The 2020-21 academic year brought a lot of attention – and grant money – to S&T’s steel research.
Today, more than 70% of steel in the U.S. is produced using the electric arc furnace (EAF) process to melt scrap and virgin iron, which is a more energy-efficient process than the traditional blast furnace/basic oxygen steelmaking process. But EAF steelmaking efficiency is dependent on many factors, and Ronald O’Malley, the F. Kenneth Iverson Chair Professor in Steelmaking Technologies, is leading a team of academic researchers and industry partners to develop new ways to save energy and costs related to EAF steel production by using fiber optic sensors. O’Malley is completing the negotiation for a $7.5 million grant from the U.S. Department of Energy to support the work.
“What’s exciting about this work is that these fiber optic systems traditionally have not been used in this kind of environment,” says O’Malley, who is director of the Kent D. Peaslee Steel Manufacturing Research Center. “We’re tailoring several types of fiber optic technologies for specific applications in different parts of the EAF.”
O’Malley says one method of protecting the EAF is to use the slag in the furnace to generate a slag foam that can cover the electric arc and shield the furnace side walls and roof from arc radiation.

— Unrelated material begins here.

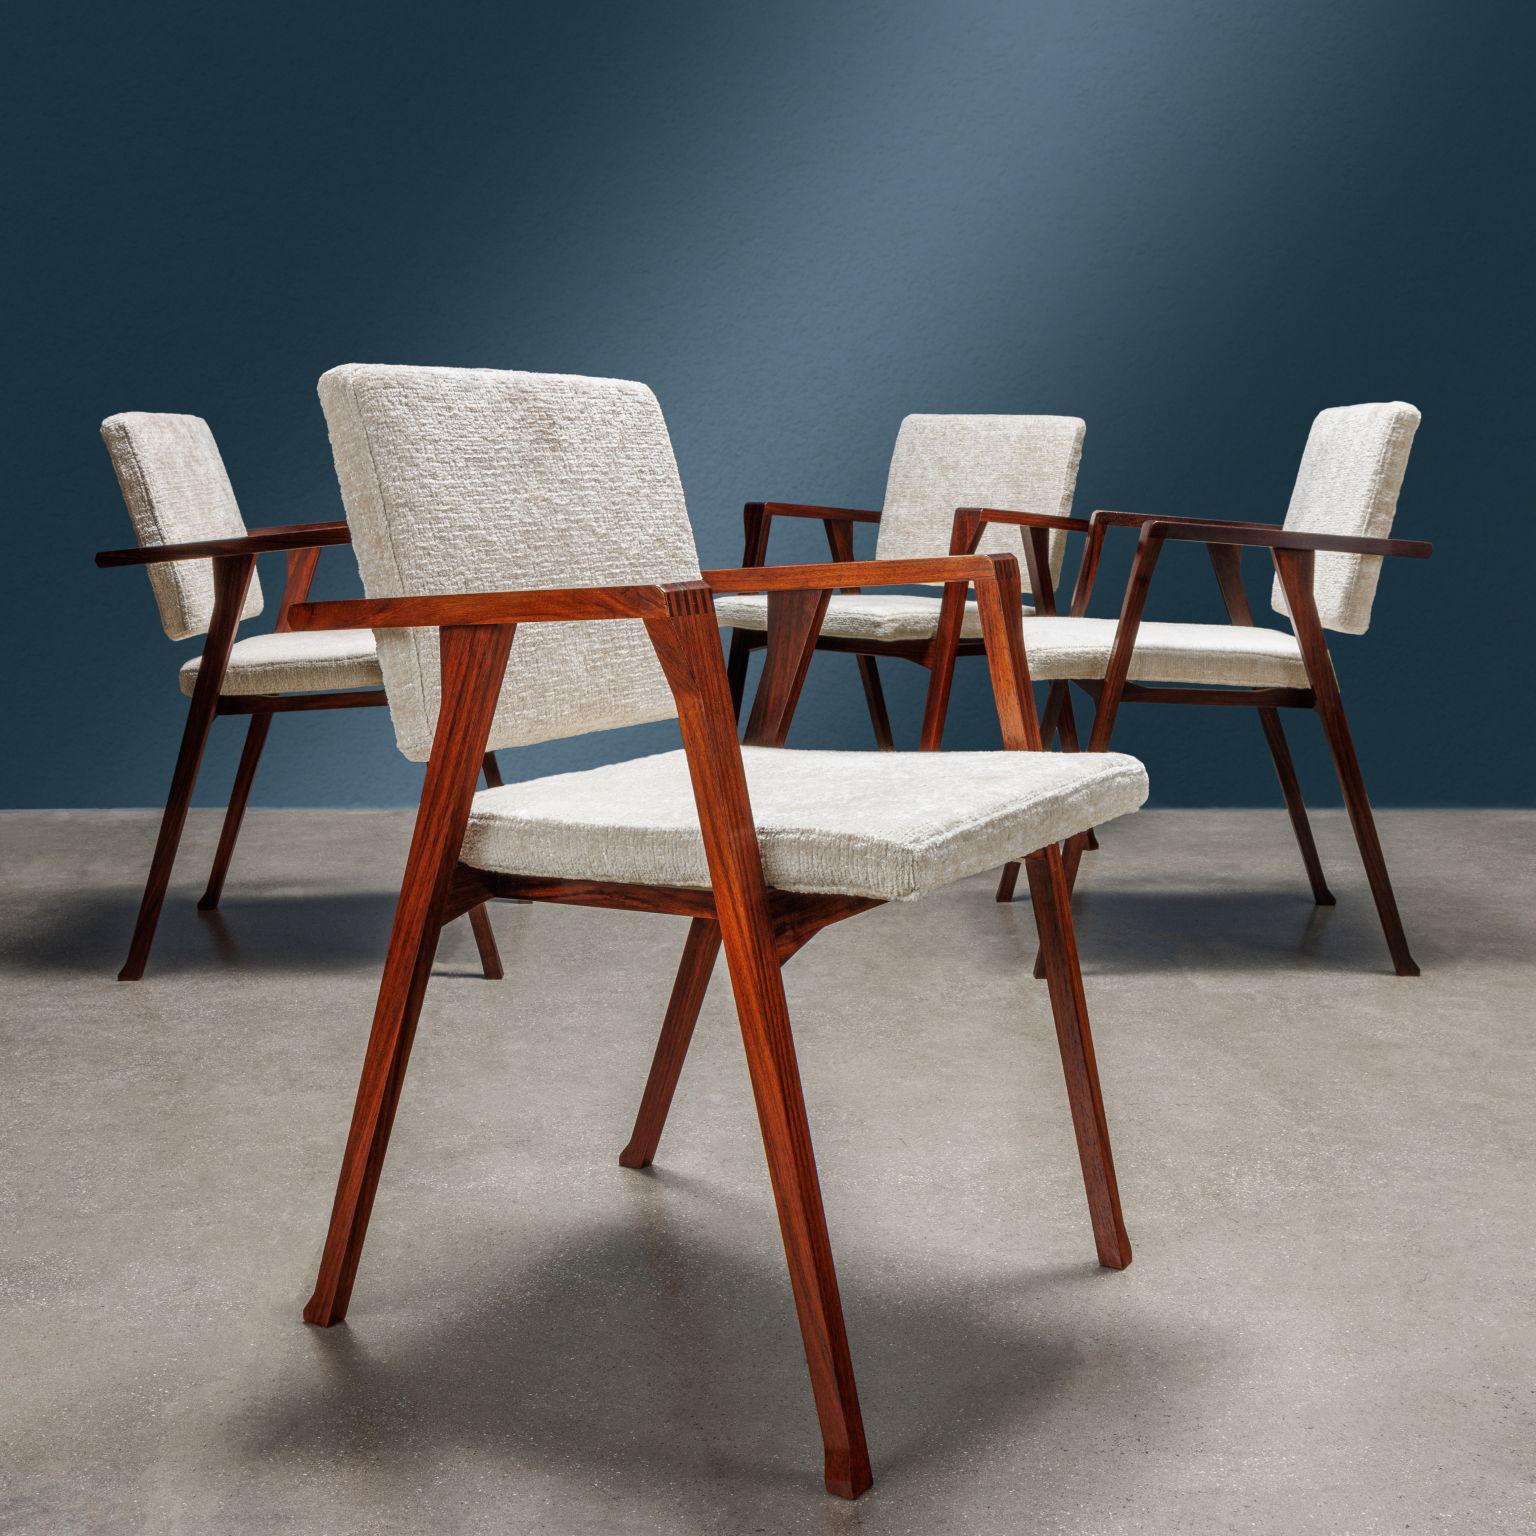 Poltroncine modello 'Luisa' disegnate da Franco Albini e prodotte da Poggi a partire dal 1955. Structure en bois, assise et siège, avec assise en bois et revêtement en tesson.

The fiber optic sensors detect hot spots as they develop, and the sensor outputs can be used to activate a flexible injection system that directs chemical energy from carbon and oxygen to generate slag foam as needed.
Missouri S&T is partnering in this research project with Arizona State University and Continuous Improvements Experts (CIX), which provides EAF training and optimization services for the steel industry. Steel producers Big River Steel, Commercial Metals Co., Gerdau and Nucor are also partners, along with industrial gas and technology provider Linde.

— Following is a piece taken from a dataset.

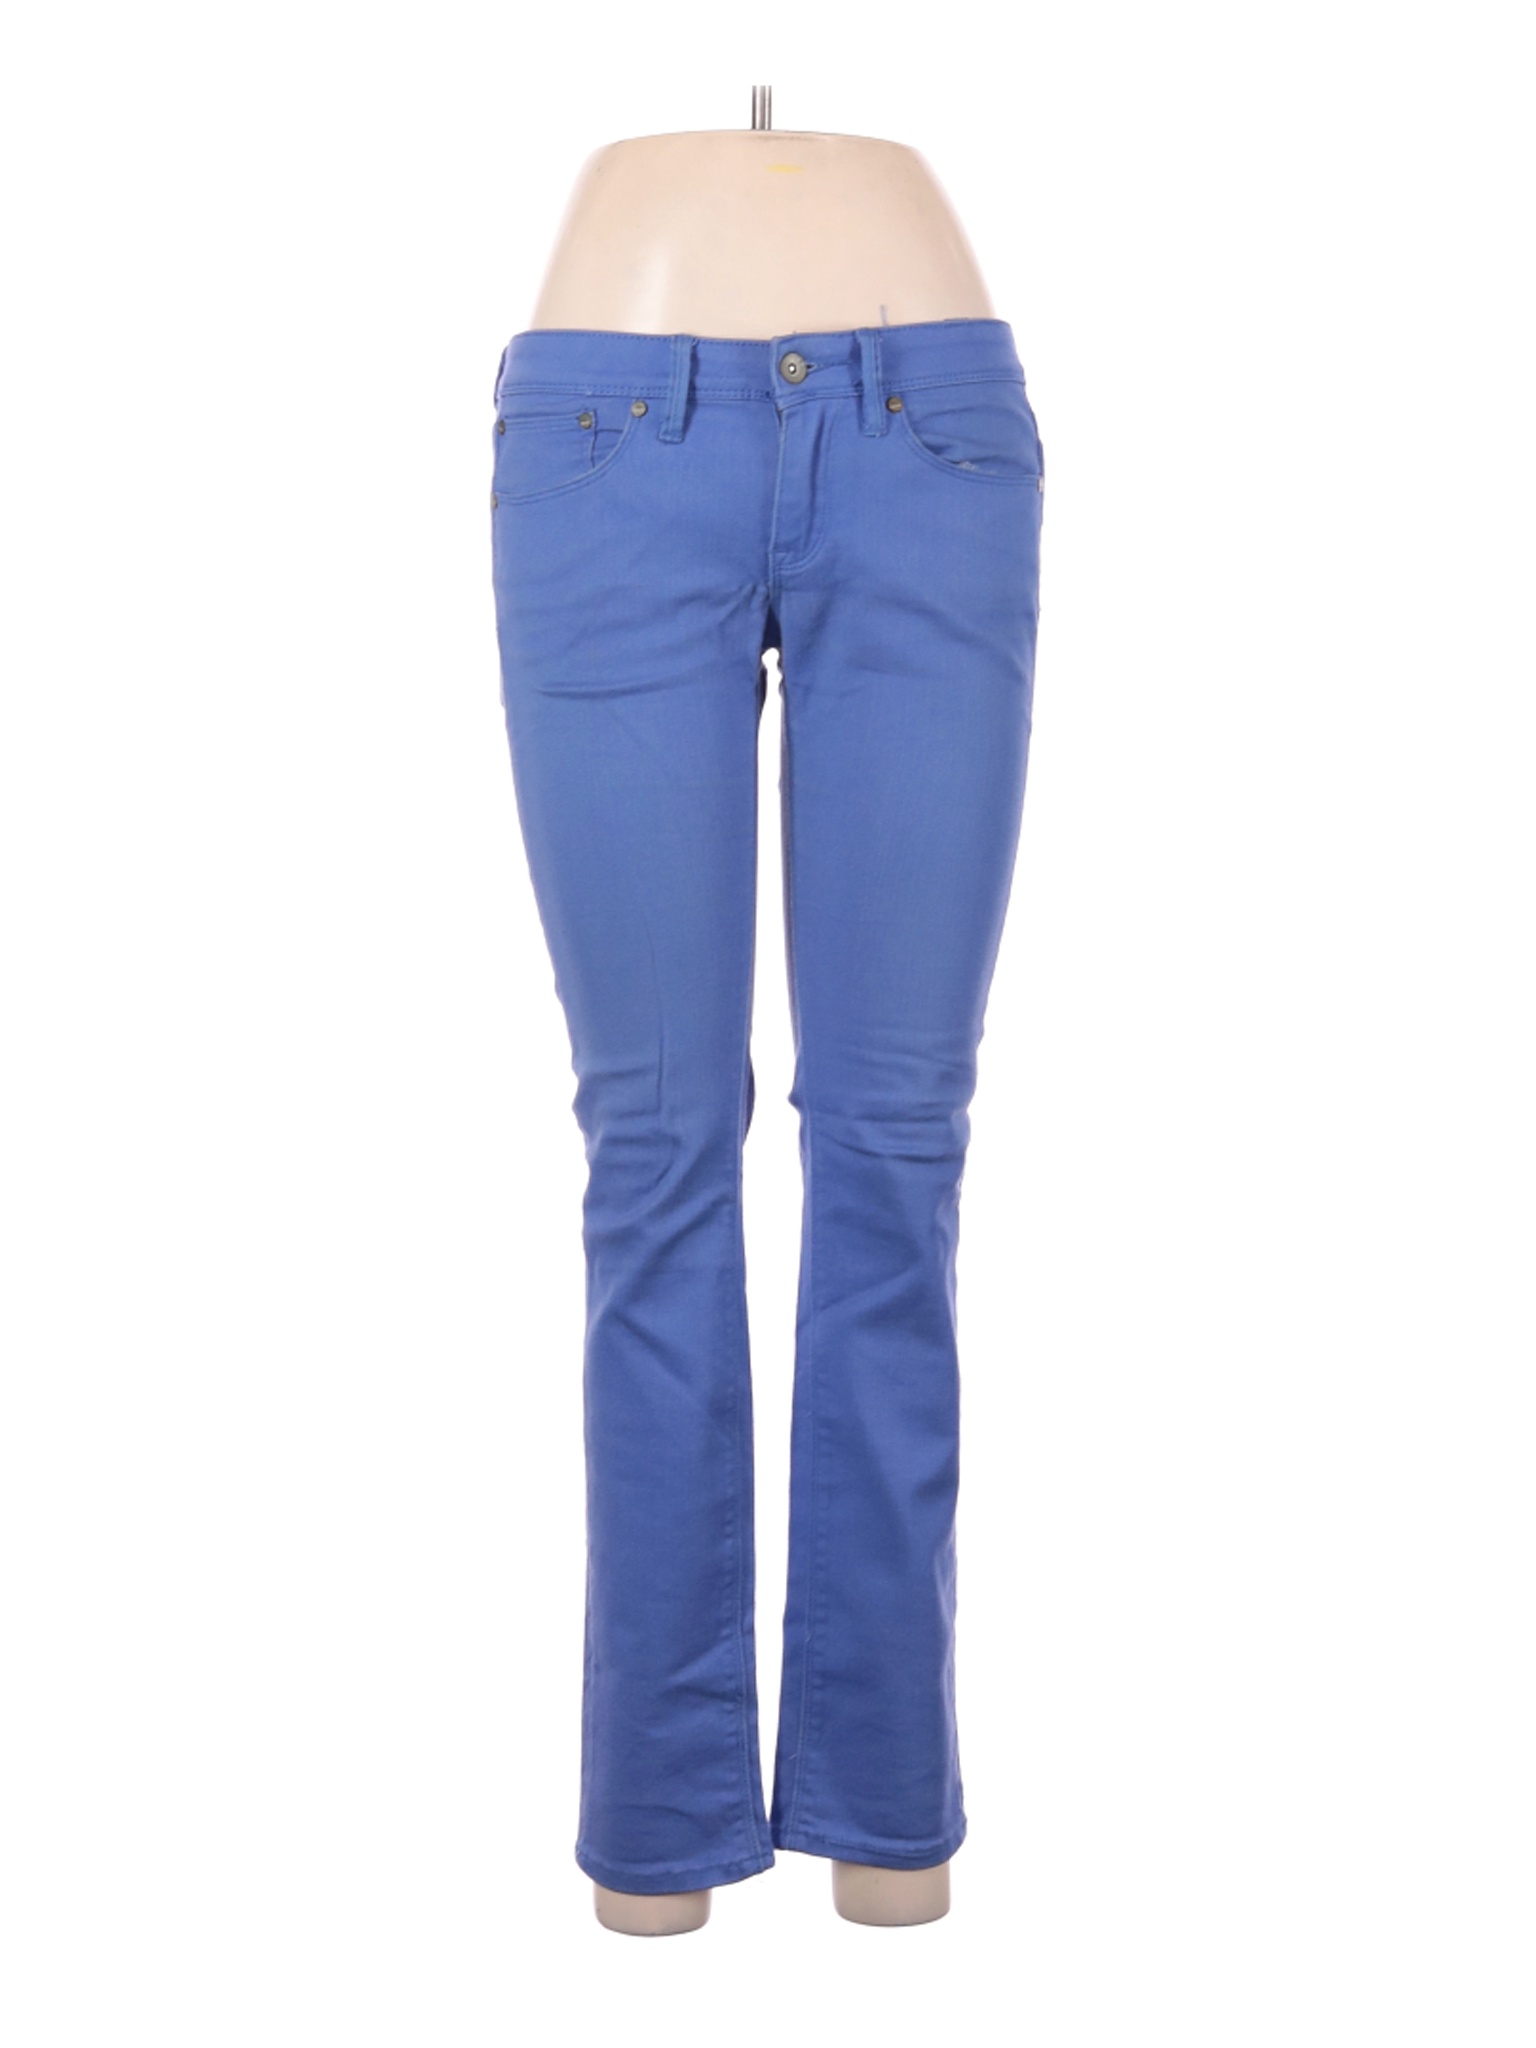 Roxy Women Blue Jeans 28W | eBay

Laura Bartlett, the Robert V. Wolf Associate Professor in Metallurgical Engineering, is leading a multi-million dollar project to develop lightweight, ultra-high-strength steel for next-generation U.S. Army combat vehicles. Bartlett and her team are creating lightweight steels with strength-to-weight ratios as high as titanium alloys to improve blast resistance and lower transportation costs. Production would cost less than traditional steel and be more environmentally sustainable.
In addition, the project gives students an opportunity to learn commercial-scale steel processing at the Peaslee Center – experience that will be valuable for students who go on to careers in steel manufacturing.
“Missouri S&T offers one of only seven metallurgical engineering programs in the U.S.,” says Bartlett. “We also have a history of working with the military, so this research was a natural fit.”